• THE DATA:
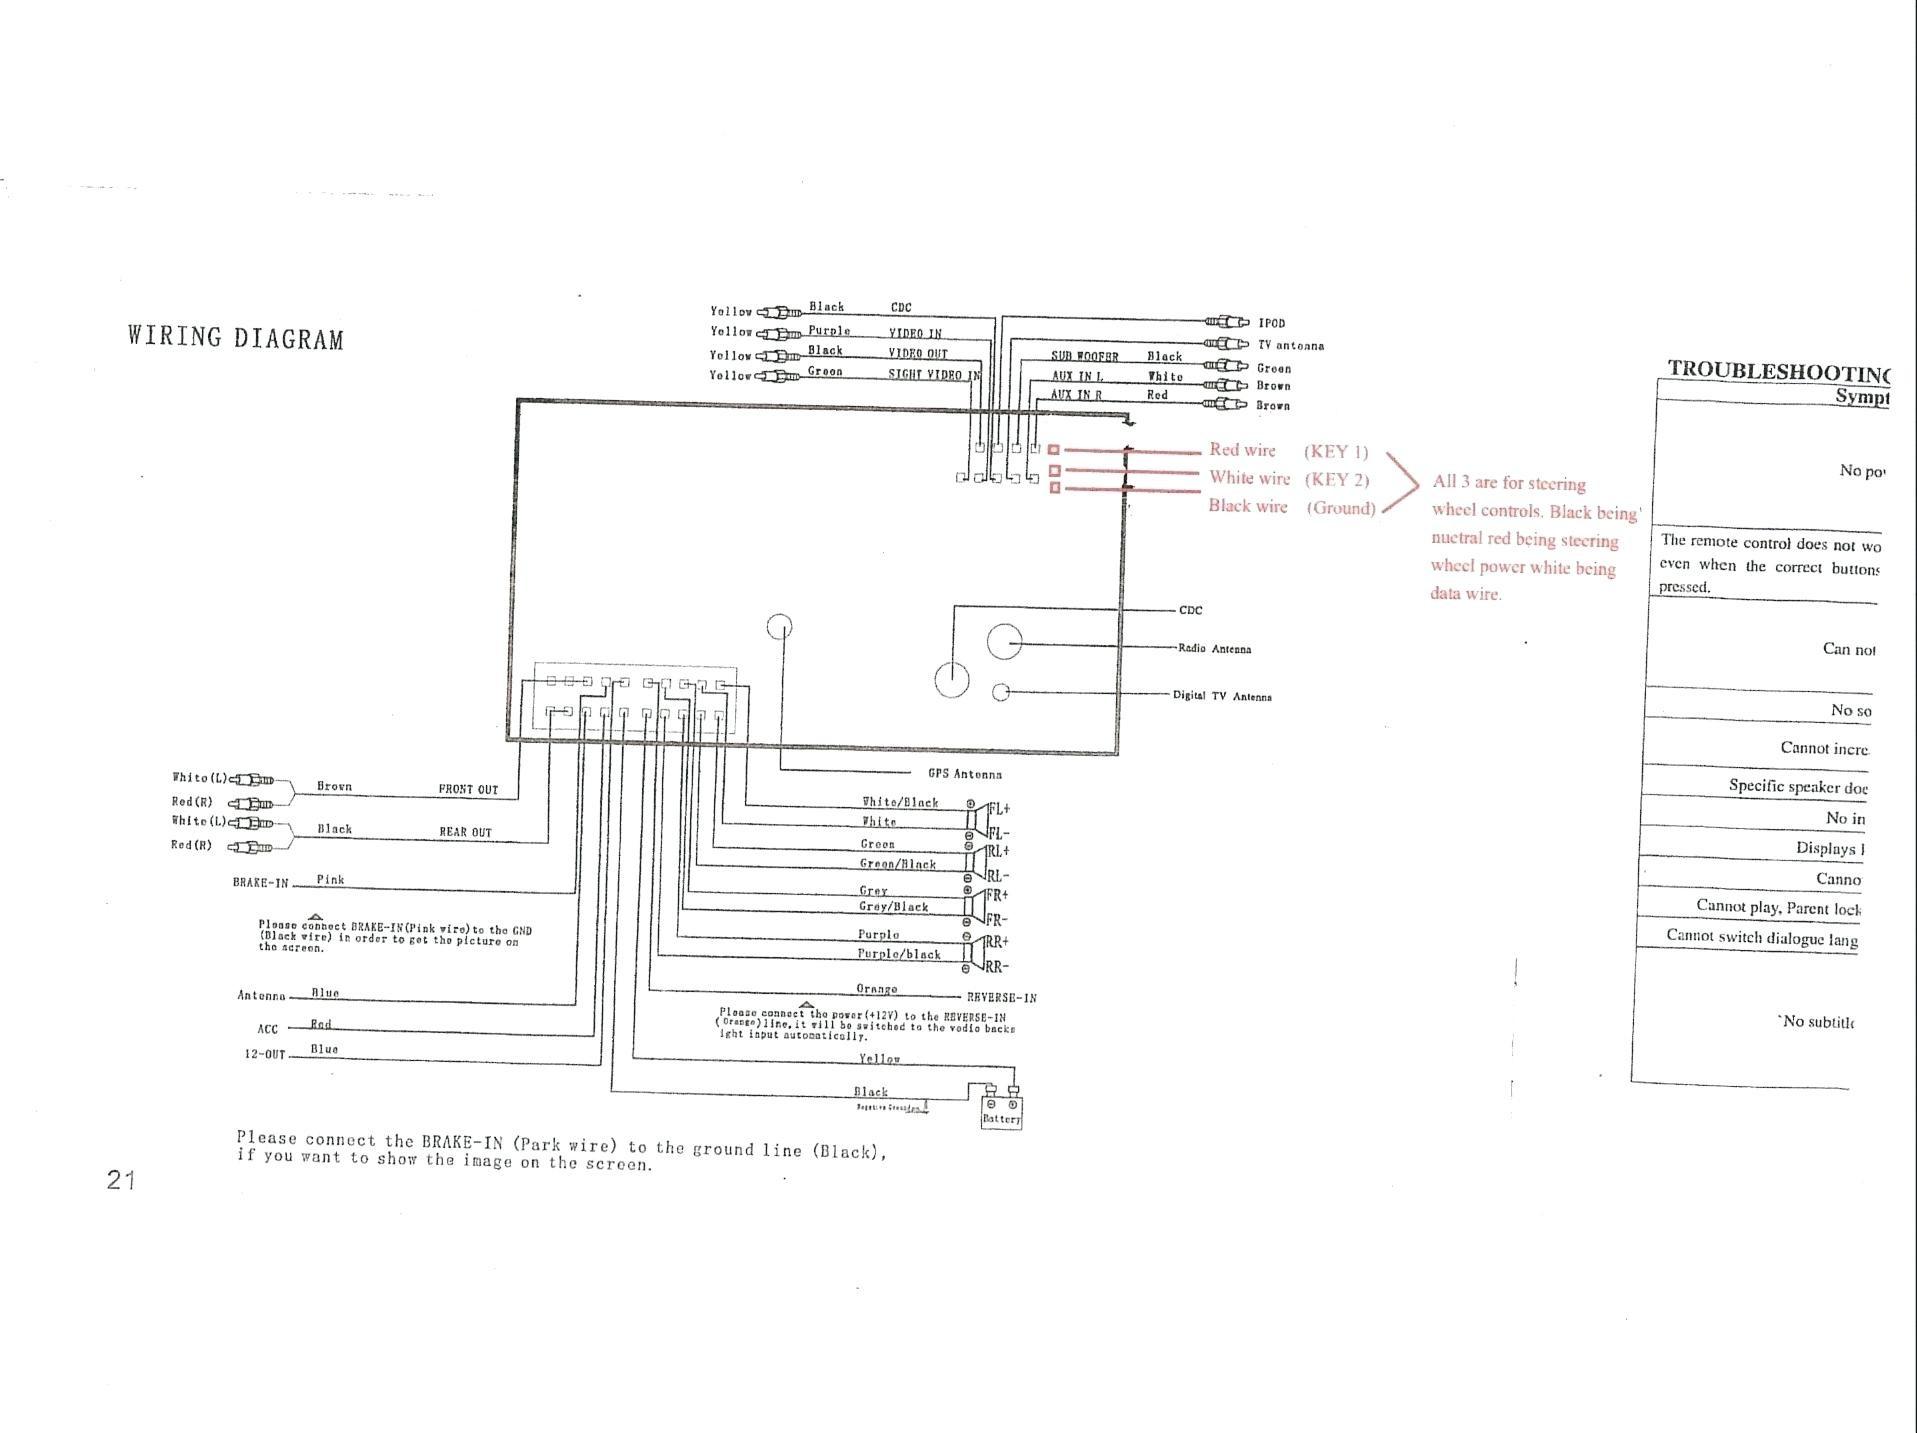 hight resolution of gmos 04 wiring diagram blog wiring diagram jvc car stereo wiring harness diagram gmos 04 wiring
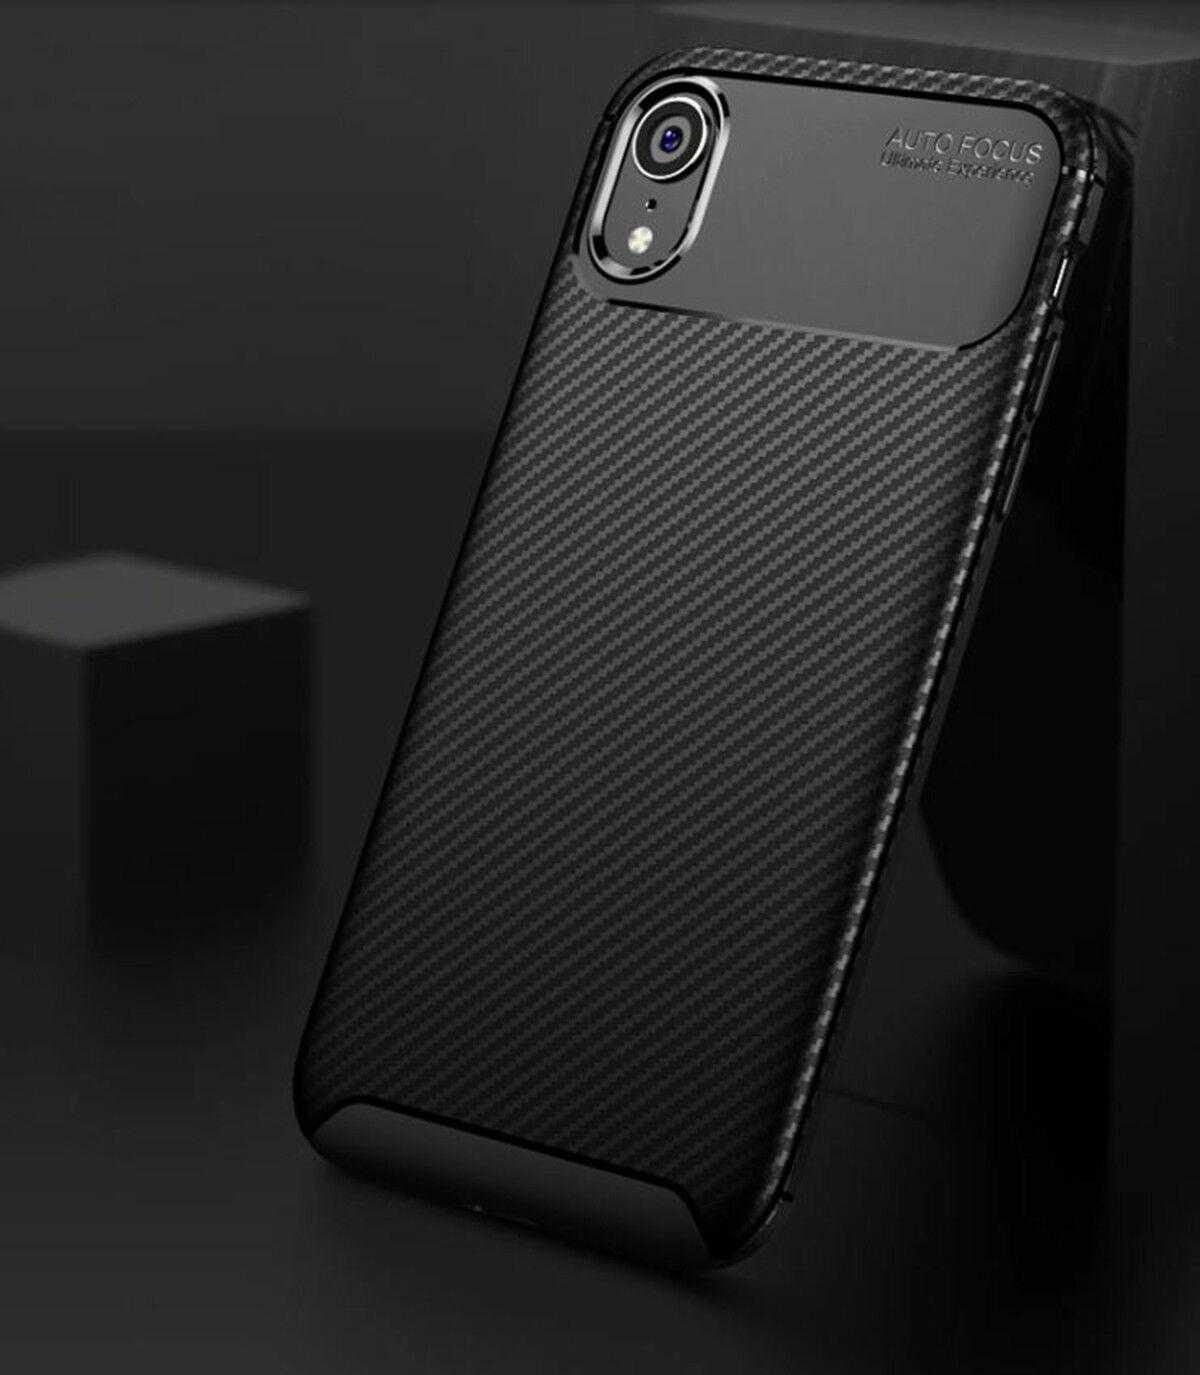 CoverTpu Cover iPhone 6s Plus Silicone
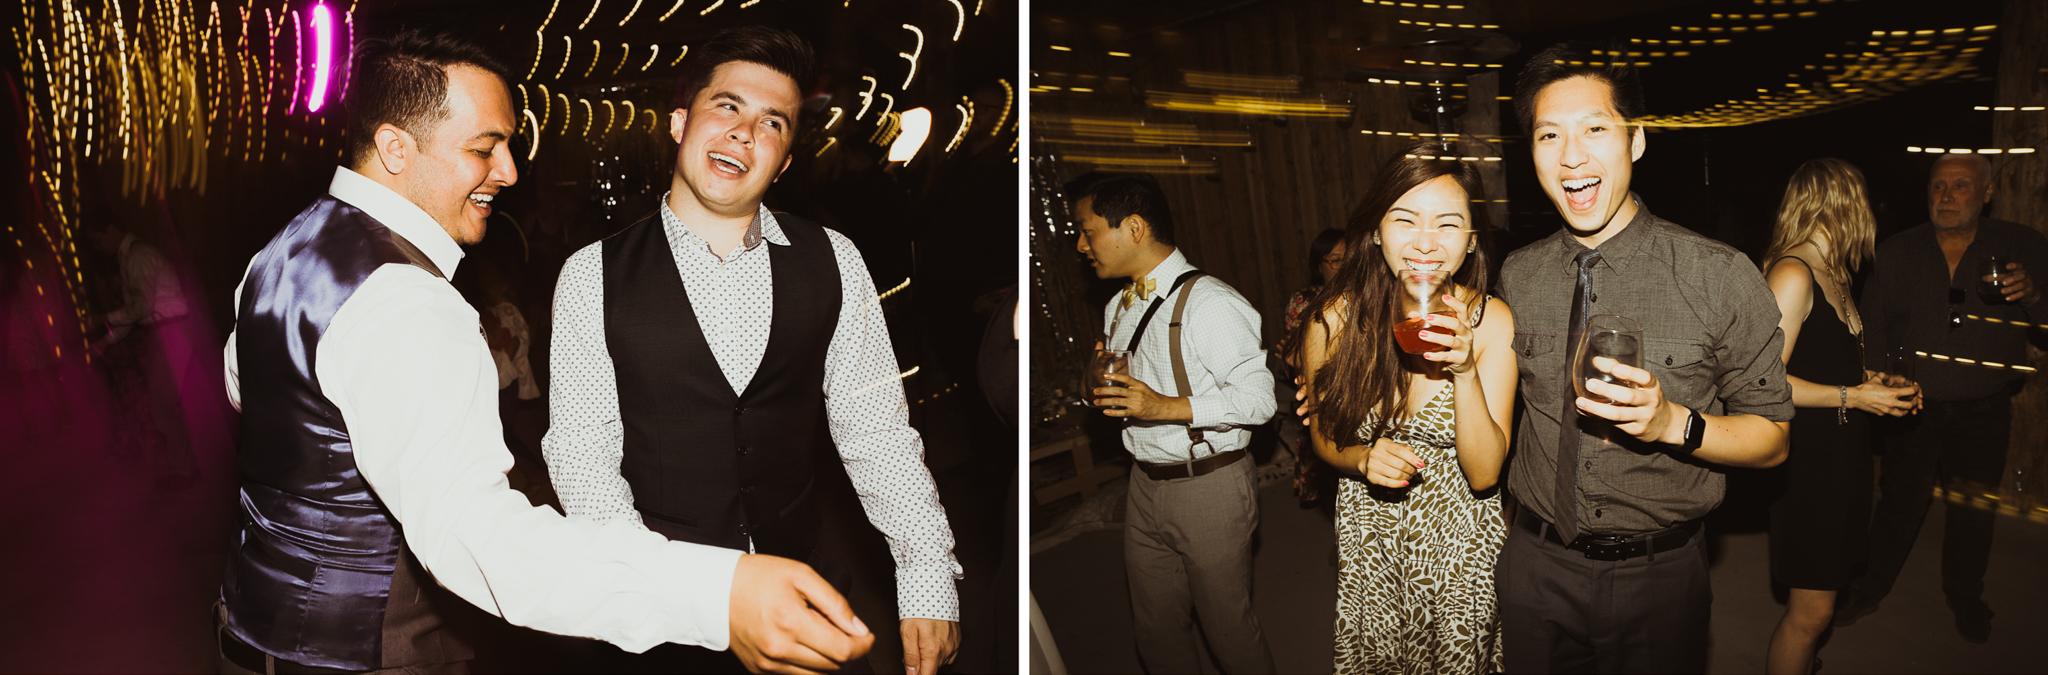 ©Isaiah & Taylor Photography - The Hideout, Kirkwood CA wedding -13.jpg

• WHAT IS EXPECTED:
Set down the material exactly as given, but print none of the pictures.

• EXERCISE RESPONSE:
 hight resolution of gmos 04 wiring diagram blog wiring diagram jvc car stereo wiring harness diagram gmos 04 wiring
 CoverTpu Cover iPhone 6s Plus Silicone
 ©Isaiah & Taylor Photography - The Hideout, Kirkwood CA wedding -13.jpg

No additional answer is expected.